La pandémie de COVID-19 et les mesures prises pour prévenir sa propagation (distanciation sociale, restrictions de voyage, fermeture d'écoles et d'entreprises) ont entraîné des pertes d'emplois et des bouleversements économiques sans précédent partout au Canada. Les données de l’EPA confirment que cette crise sanitaire touche chaque secteur de façon différente. D’autres numéros de Rapport de perspectives de l’IMT traitent des conséquences de la COVID-19 sur les secteurs du tourisme et du pétrole et du gaz.
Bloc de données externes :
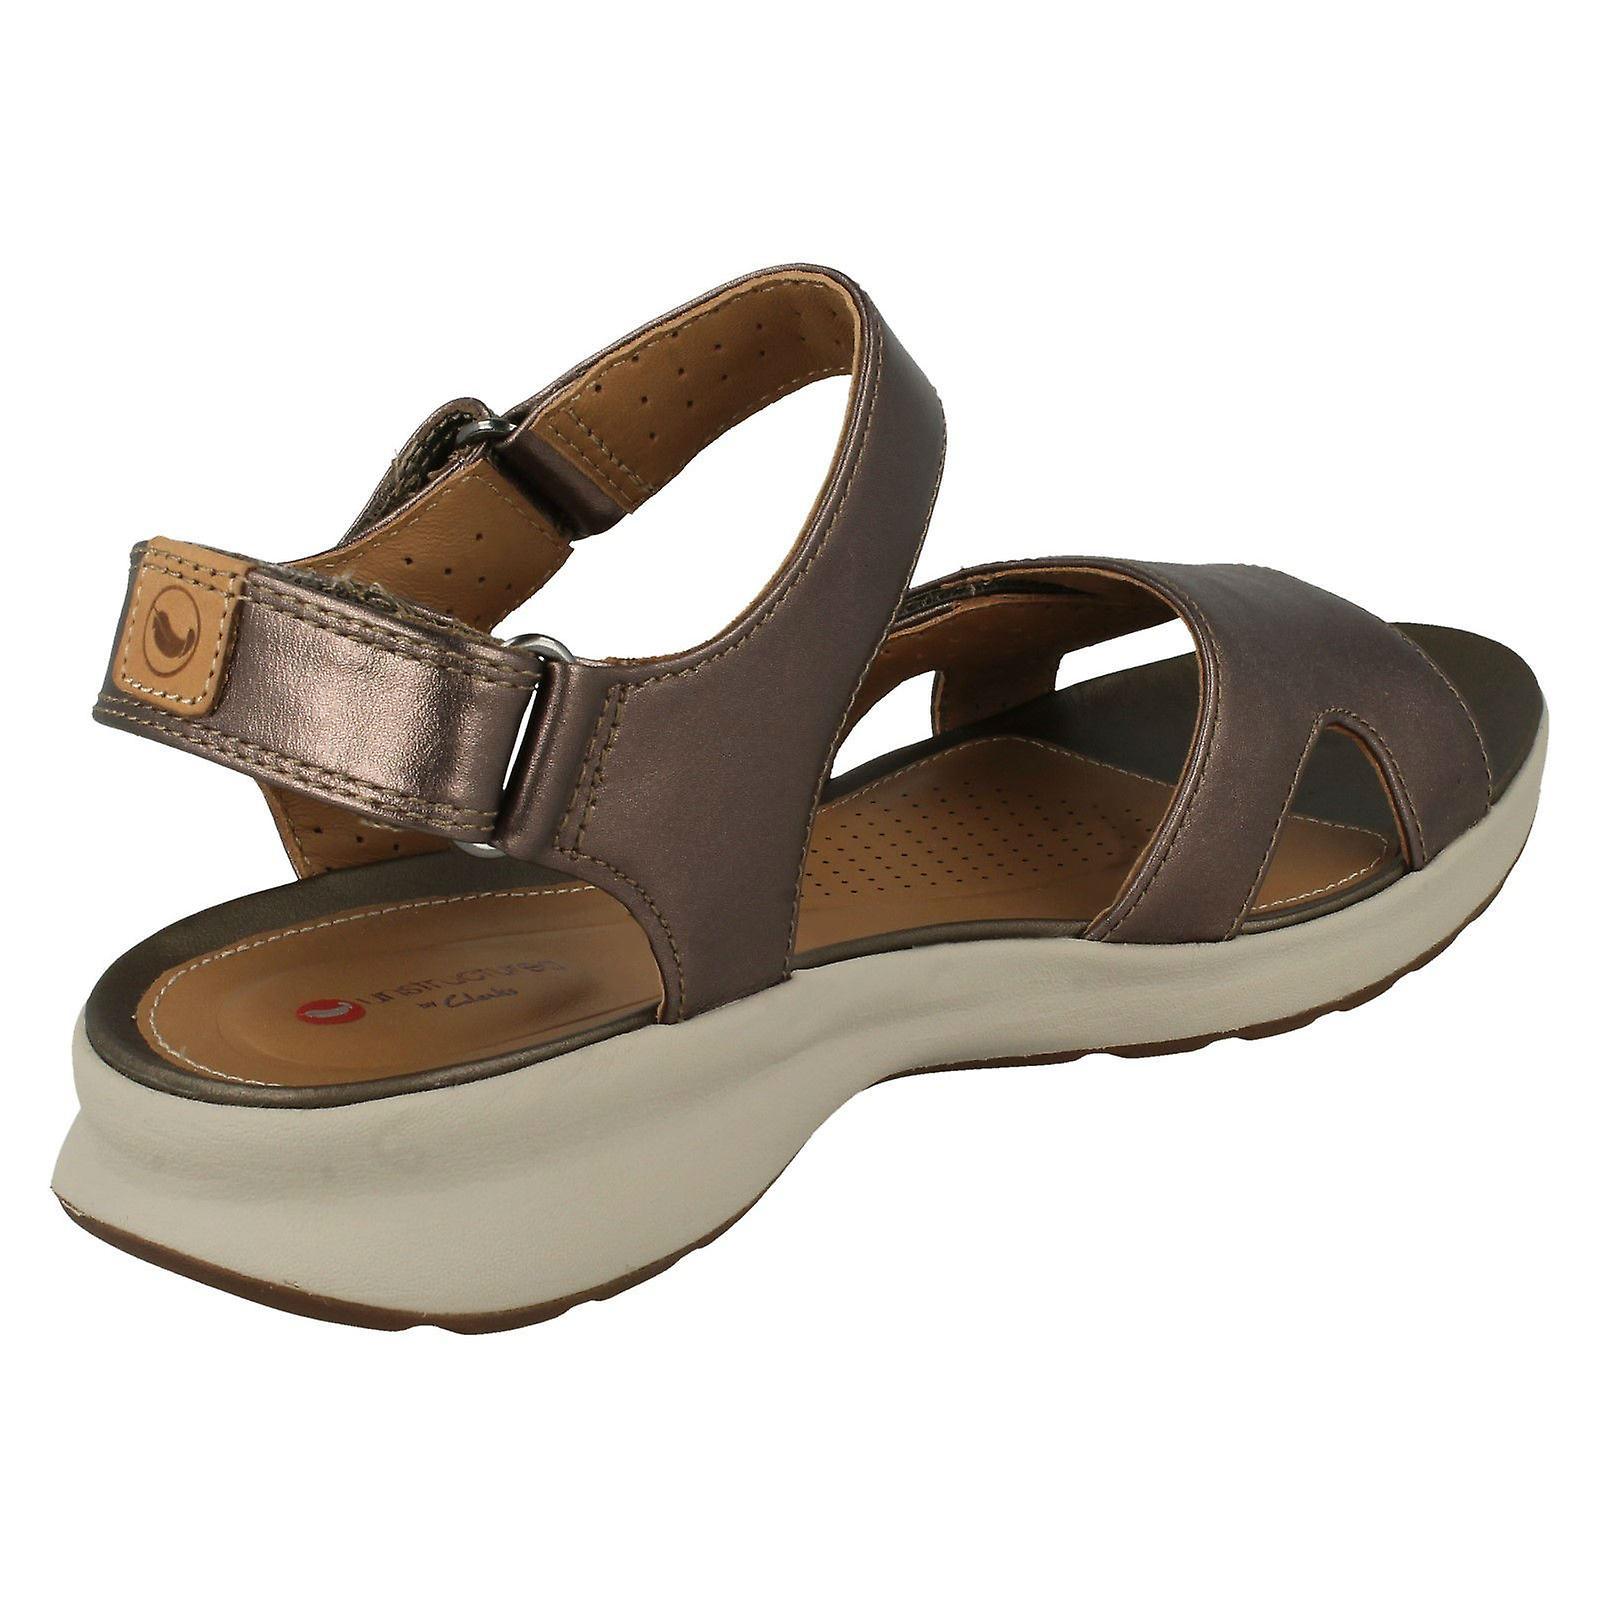 Ladies Clarks Unstructured Sandals Un Adorn Calm

Le présent Rapport de perspectives de l’IMT porte sur le secteur manufacturier (voir l’encadré 1) qui, avant la pandémie, connaissait déjà une pénurie de main-d’œuvre et des problèmes de contrôle des coûts. Lorsque la crise sanitaire a commencé à perturber les chaînes d’approvisionnement et à ralentir les échanges commerciaux, les pertes d’emplois sans précédent ont semé de nombreux doutes quant à l’avenir. Maintenant que les restrictions sont graduellement levées et que l’économie reprend, les entreprises manufacturières ont besoin d’information de qualité sur le marché du travail (IMT) pour élaborer des plans et des processus de relance, notamment en ce qui a trait aux ressources disponibles et au recrutement d’une main-d’œuvre compétente. L’IMT aidera aussi le secteur à relever les défis qui se posaient avant la crise, et qui sont toujours présents.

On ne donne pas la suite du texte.